Sunday, November 22, 2009

Nation & World

Depths of a passion

When the wife of a champion free diver tried to break his record, something went terribly wrong

By Thomas K. Grose
Posted 8/8/04

Audrey Mestre was a world-class athlete in a niche sport so physically and mentally punishing that it counts only a handful of practitioners worldwide. She was a "free diver" --one who tests how deep humans can go underwater or how long they can remain submerged--on a single gulp of air. "No limits" free divers like Mestre go deeper than most. Wrapped around a weighted sled that slides on a cable, they plunge hundreds of feet down, then inflate an air bag that shoots them swiftly back to the surface. In the process, they withstand near-crippling water pressure; their lungs shrink to the size of baseballs; their hearts slow to 20 beats a minute; and their sinus cavities fill with salt water to keep their eardrums from exploding.

With her thick auburn hair, long legs, and shapely figure, Mestre, 28, was a striking poster girl for no-limits diving. And on the morning of Oct. 12, 2002, under leaden skies, in the choppy waters off the Dominican Republic, she sought to set a world record of 561 feet. That is roughly equivalent to descending and ascending a 55-story building--and she would have to do it in the time she could hold her breath, about three minutes.
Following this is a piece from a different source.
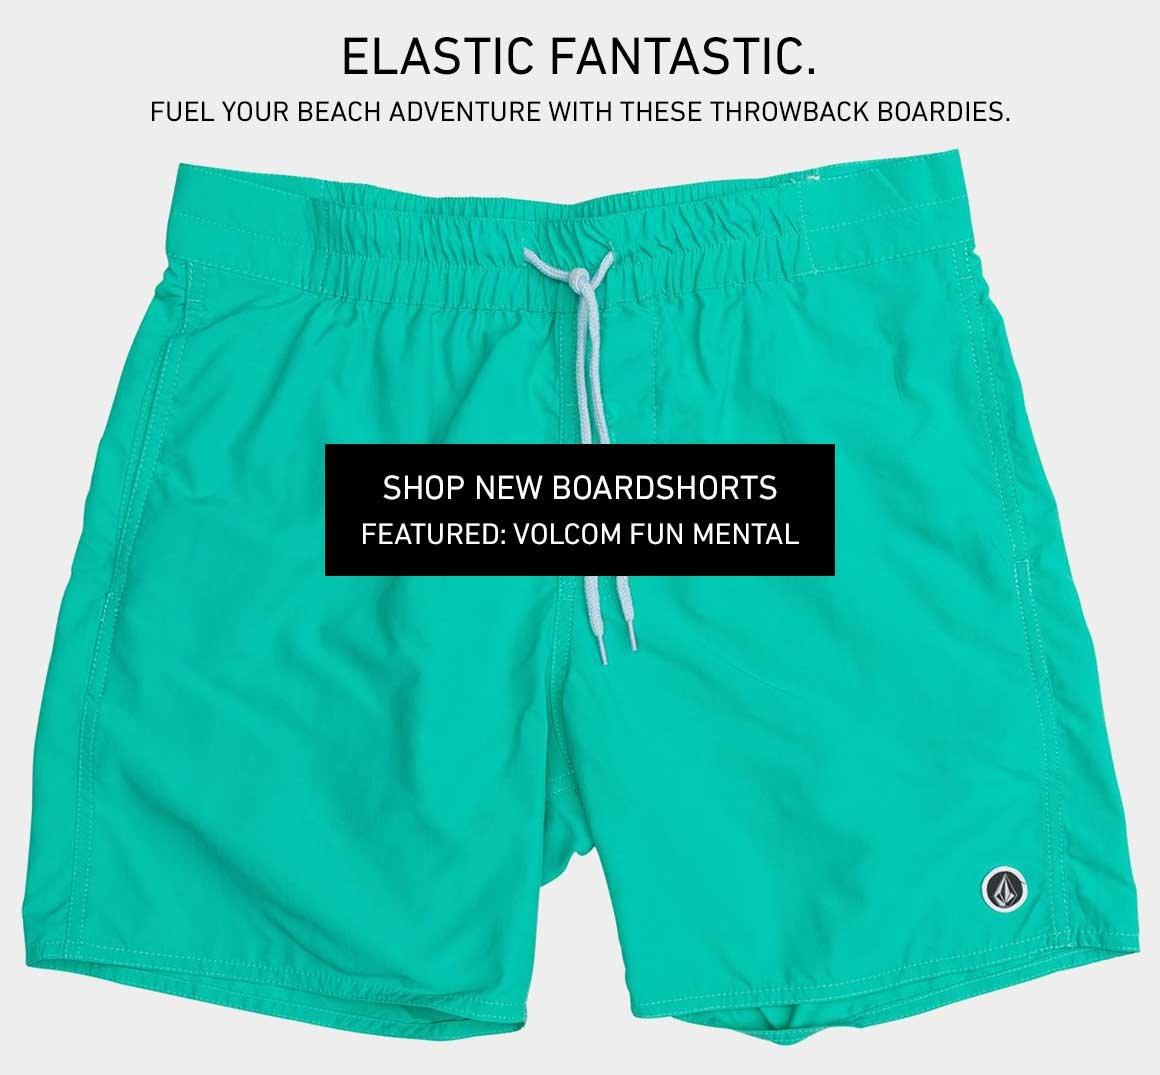 Elastic Fantastic: Shop New Throwback Boardshorts

Even more important, it was 29 1/2feet beyond the record claimed by Francisco "Pipin" Ferreras, the Cuban defector who also happened to be her husband.
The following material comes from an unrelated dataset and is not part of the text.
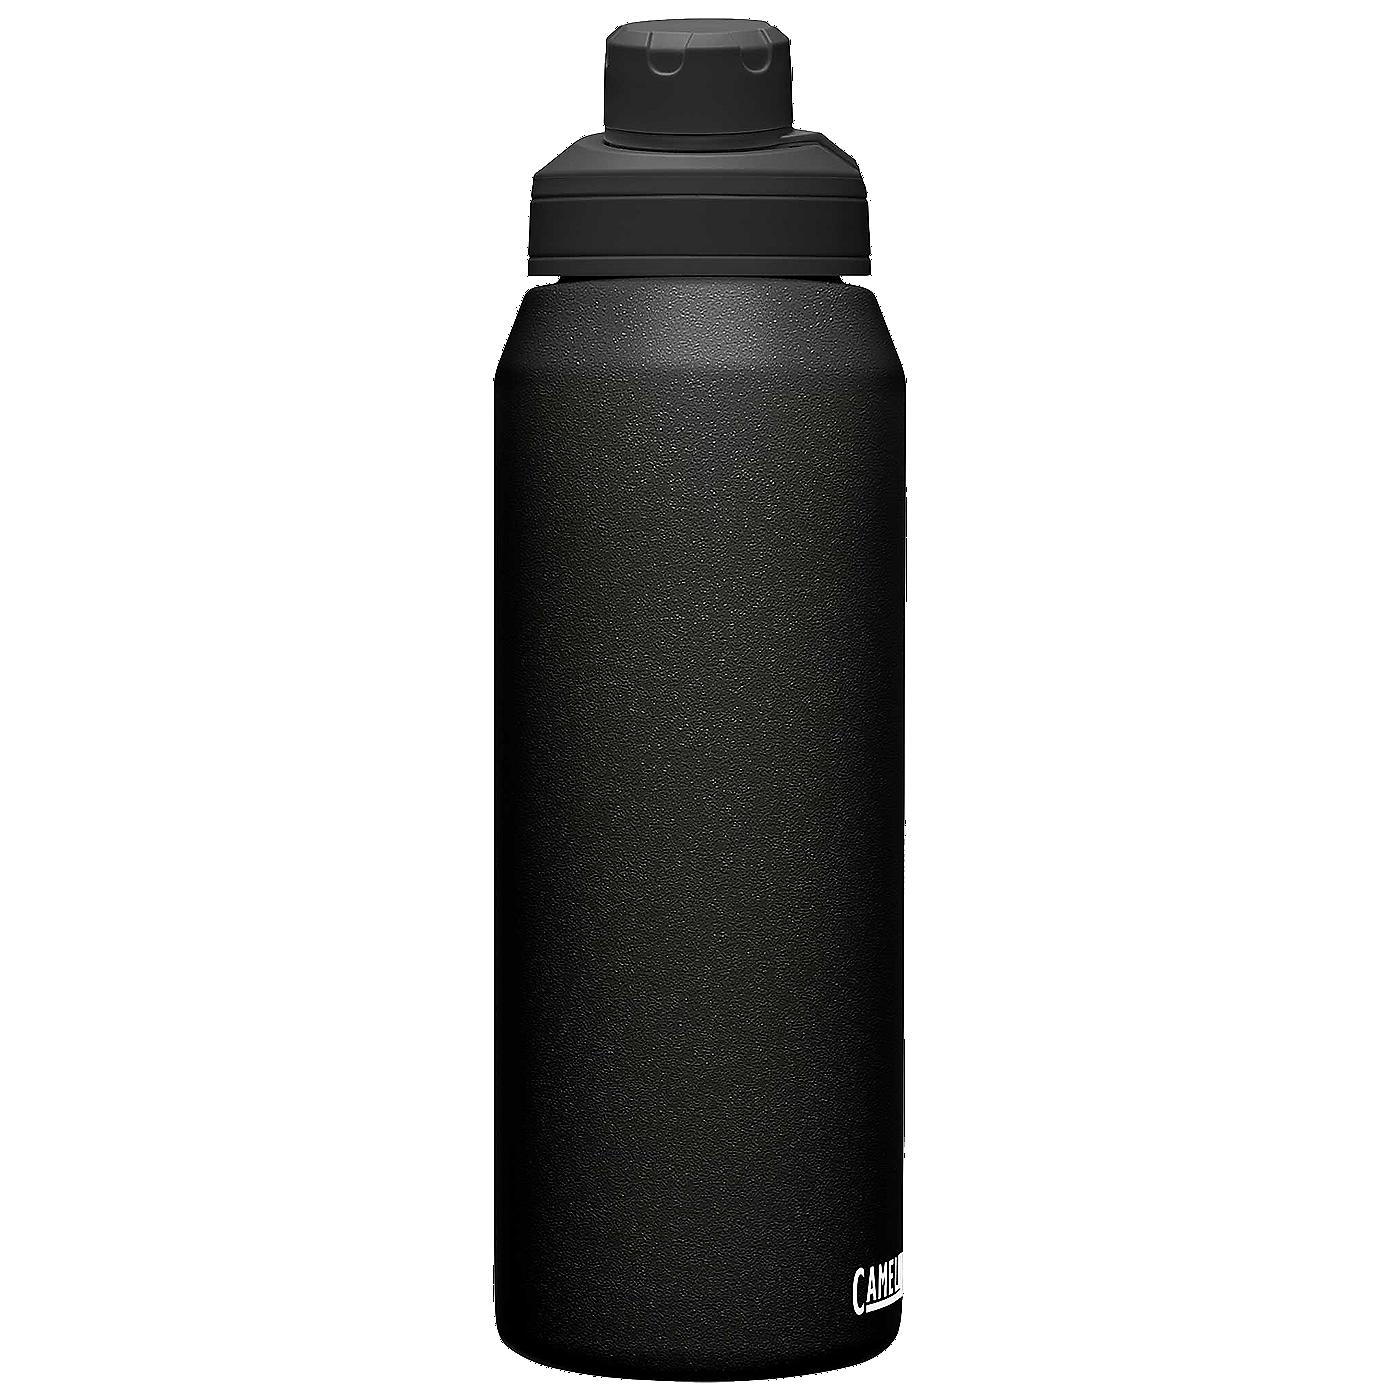 Camelbak Chute Mag 32 Oz. Vacuum Insulated Bottle

Ferreras, 42, has for years dominated the sport of free diving, as much because of his personality as his skill. An ornery maverick, he takes pride in being a risk-taker. The French-born Mestre, granddaughter of a renowned spearfisherman, met Ferreras in 1996 in Cabo San Lucas, Mexico, while she was studying marine biology. She had sought out the bull-chested Cuban with the shaved head and gap-toothed smile, enthralled by his ability to reach depths once thought unattainable by man. In Mestre, Ferreras had found his soul mate, a vivacious woman who shared his passion for the sea.

At the time they met, Ferreras was the competitive one, regularly smashing records. But in 1997, he persuaded Mestre to try free diving, and she was immediately hooked. Ferreras realized that his beautiful protege was a natural at the sport, and he put aside his own considerable ego to coach her.

Risky business. There was a lot to teach. Accomplished no-limits free divers train hard, running, using weight machines, doing isometrics. They also learn to slow their heart rates by going into a meditative state. And though they're slicing deeply into a dark, wet abyss, they can't afford to panic--panic can kill at those depths. For unlike scuba divers who breathe compressed air and therefore have to return to the surface slowly to avoid decompression sickness, or "the bends," nonbreathing free divers must return to the surface at high speed. For them, the last few feet of the return journey is the riskiest, because as blood that has rushed to the brain to protect it at great depths once again courses to the body's extremities, the drained brain can shut down. But Mestre had never blacked out, so, on the day she set out to top her husband's record, she was characteristically calm. In case of problems, safety divers were posted at intervals down to 295 feet, with one at the ride's bottom, at 561 feet.